DATA SUPPLIED →
* * *
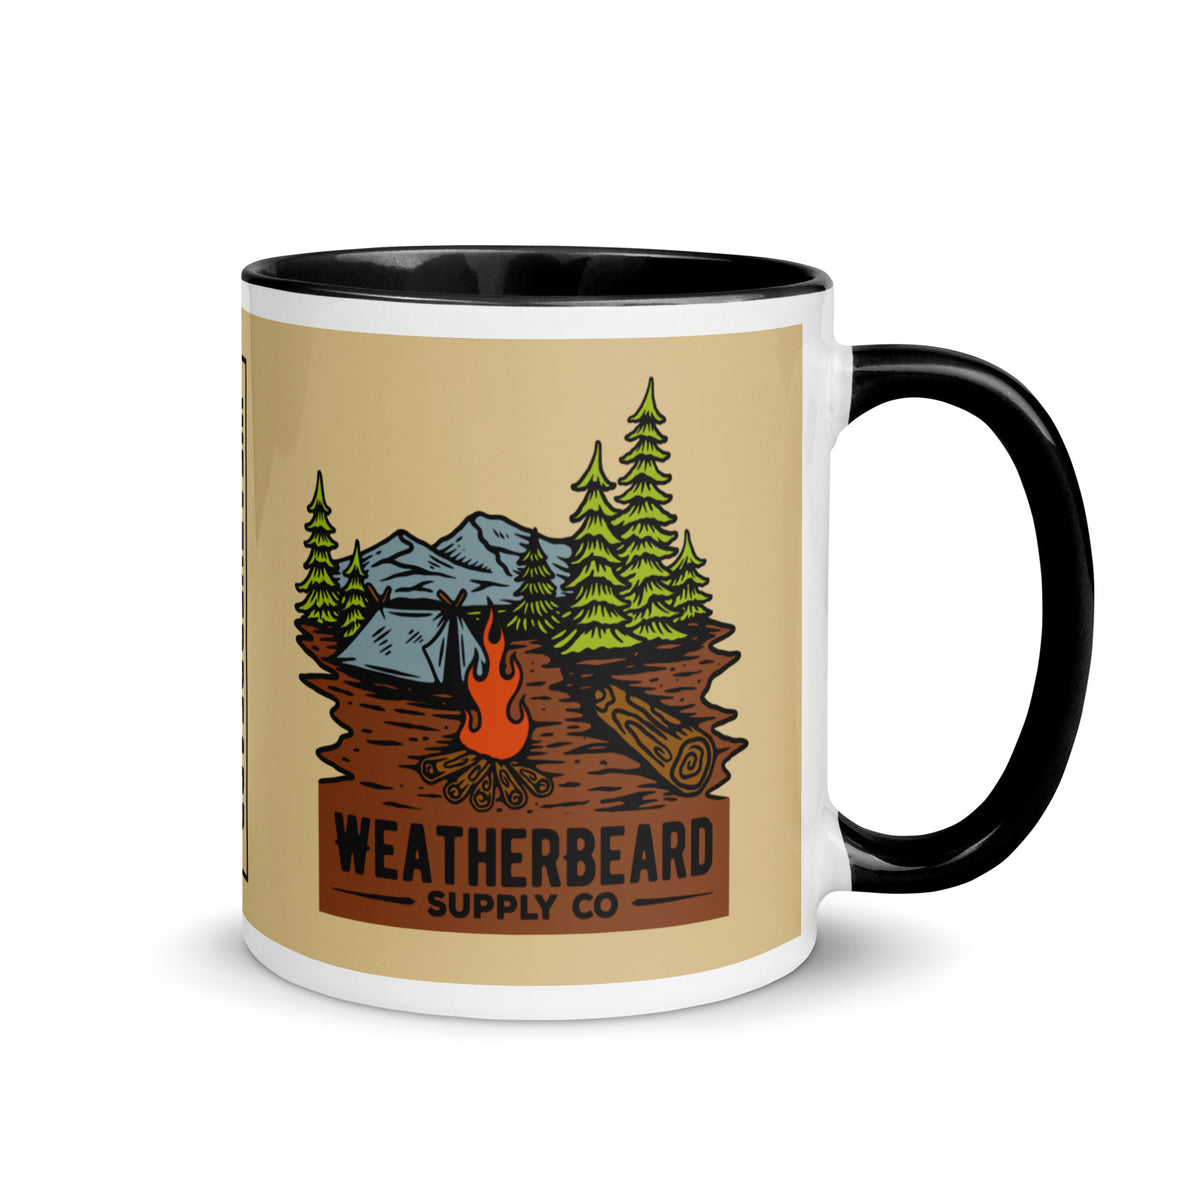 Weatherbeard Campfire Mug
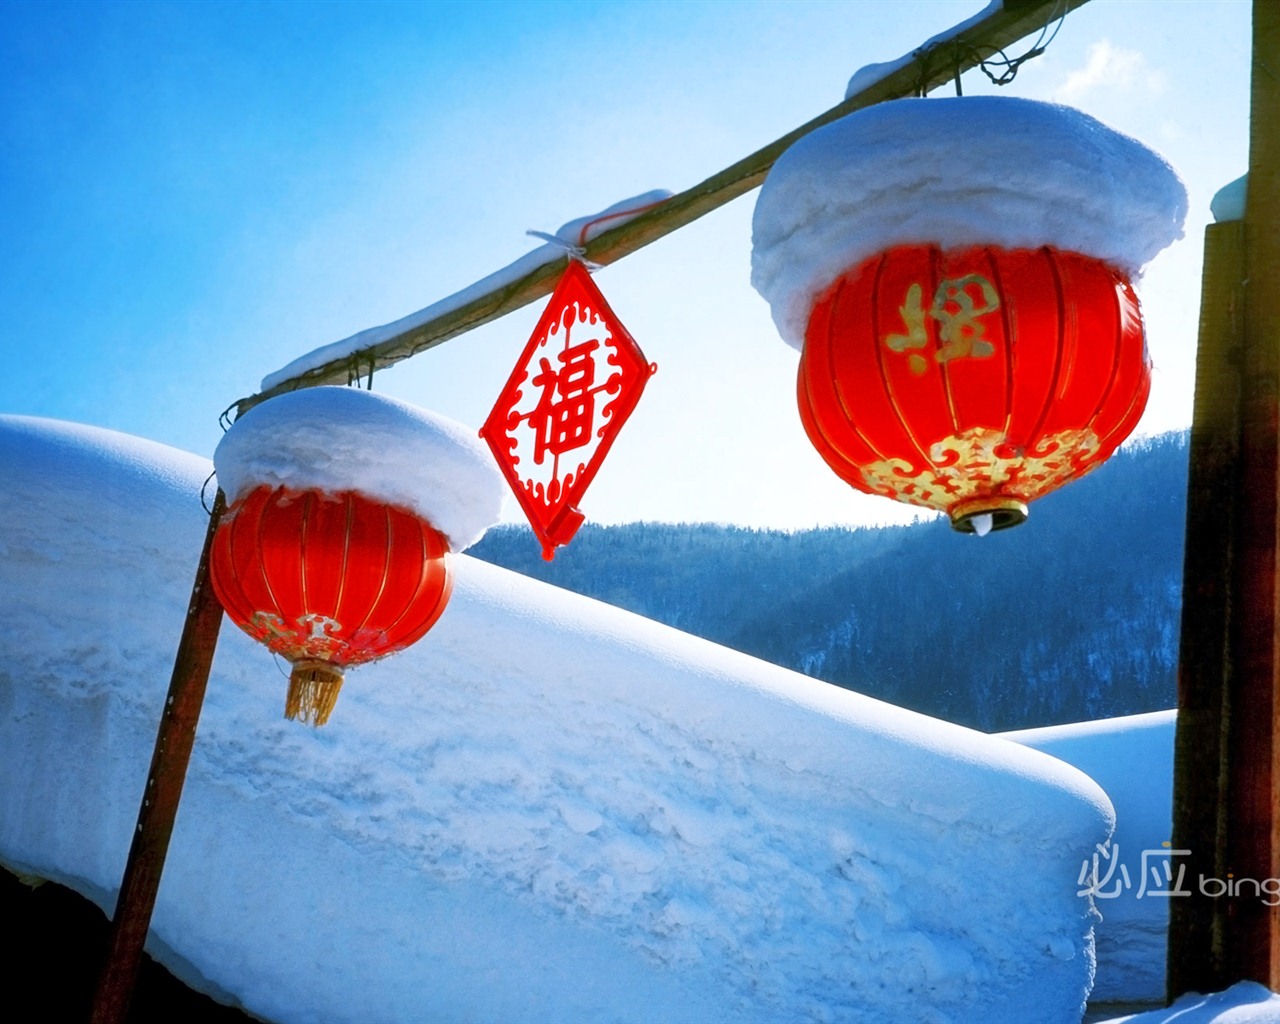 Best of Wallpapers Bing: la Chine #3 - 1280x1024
* * *
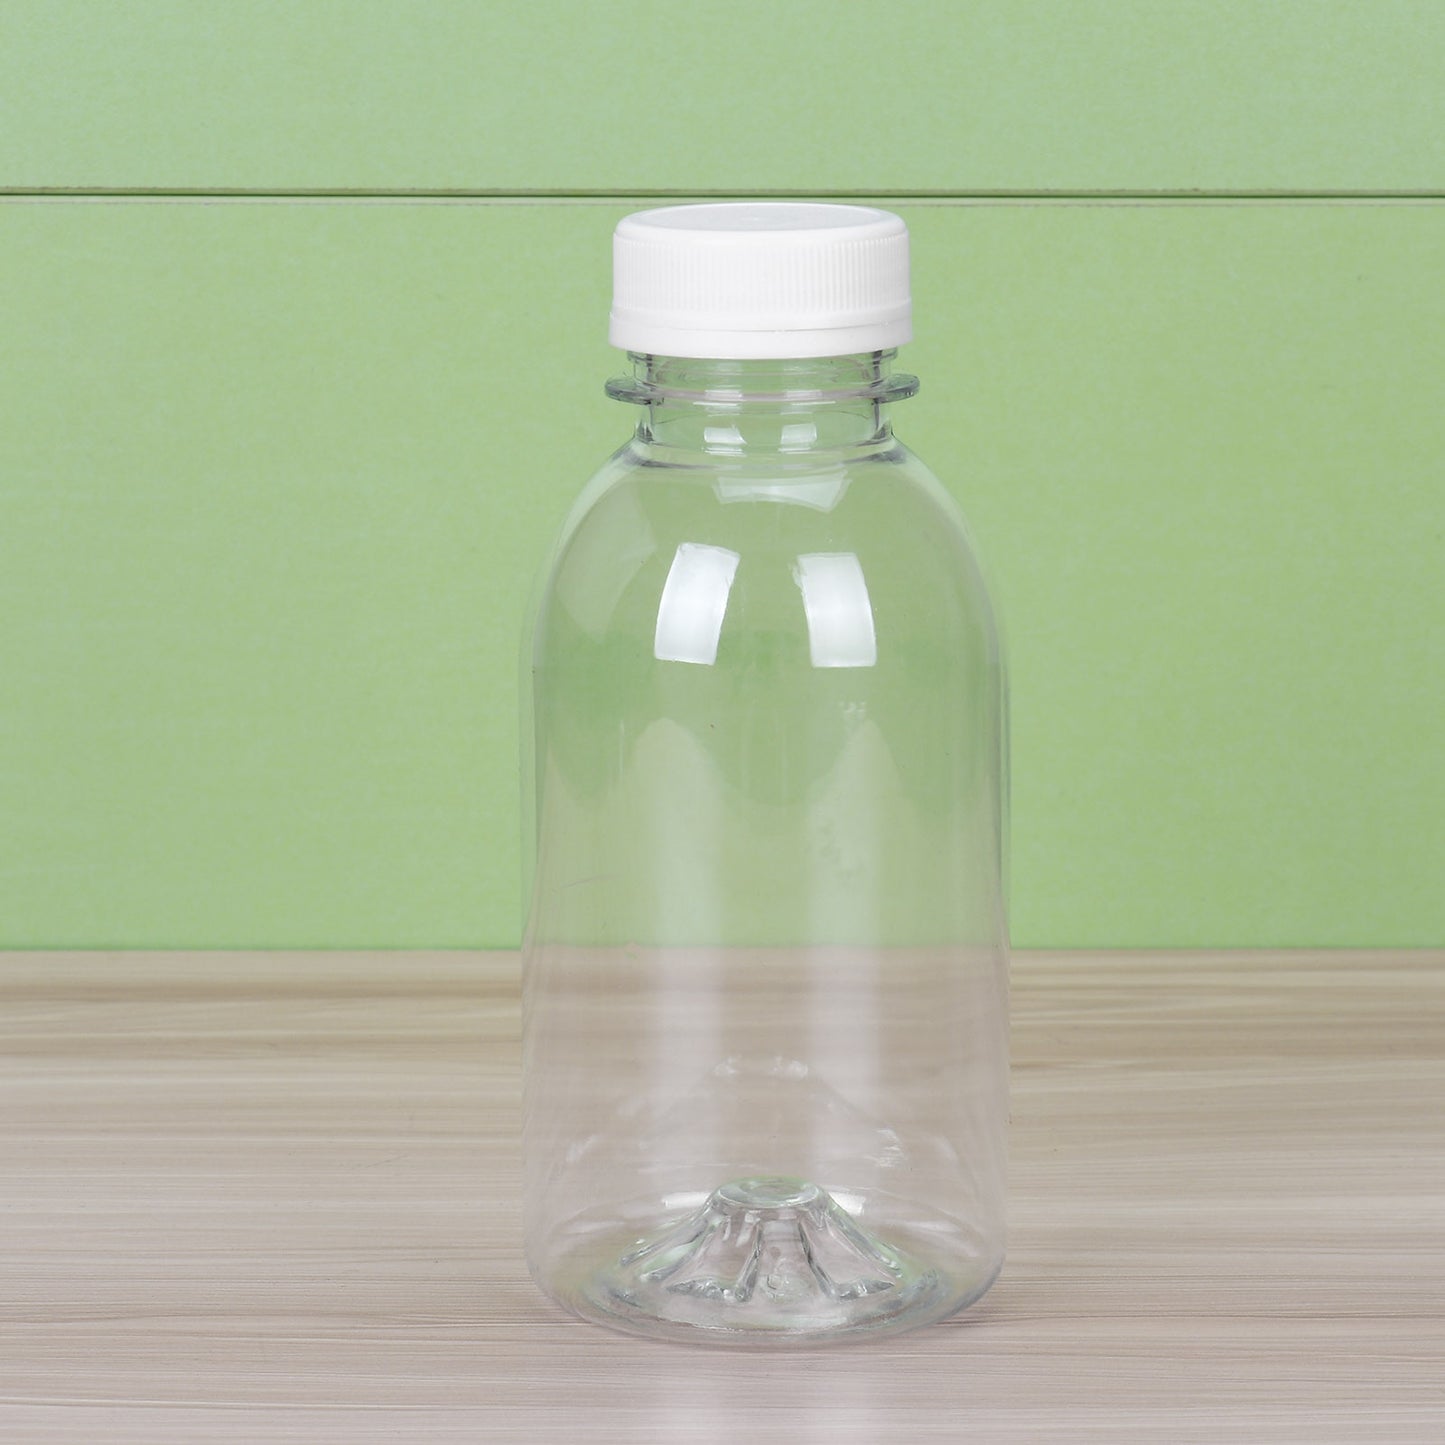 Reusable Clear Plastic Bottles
* * *
TASK → Above are records; write out the lines from the one with "Weatherbeard Campfire Mug" down to the one with "Best of Wallpapers", exactly, leaving the pictures out.

OUTPUT FOR THIS TASK →
 Weatherbeard Campfire Mug
 Best of Wallpapers Bing: la Chine #3 - 1280x1024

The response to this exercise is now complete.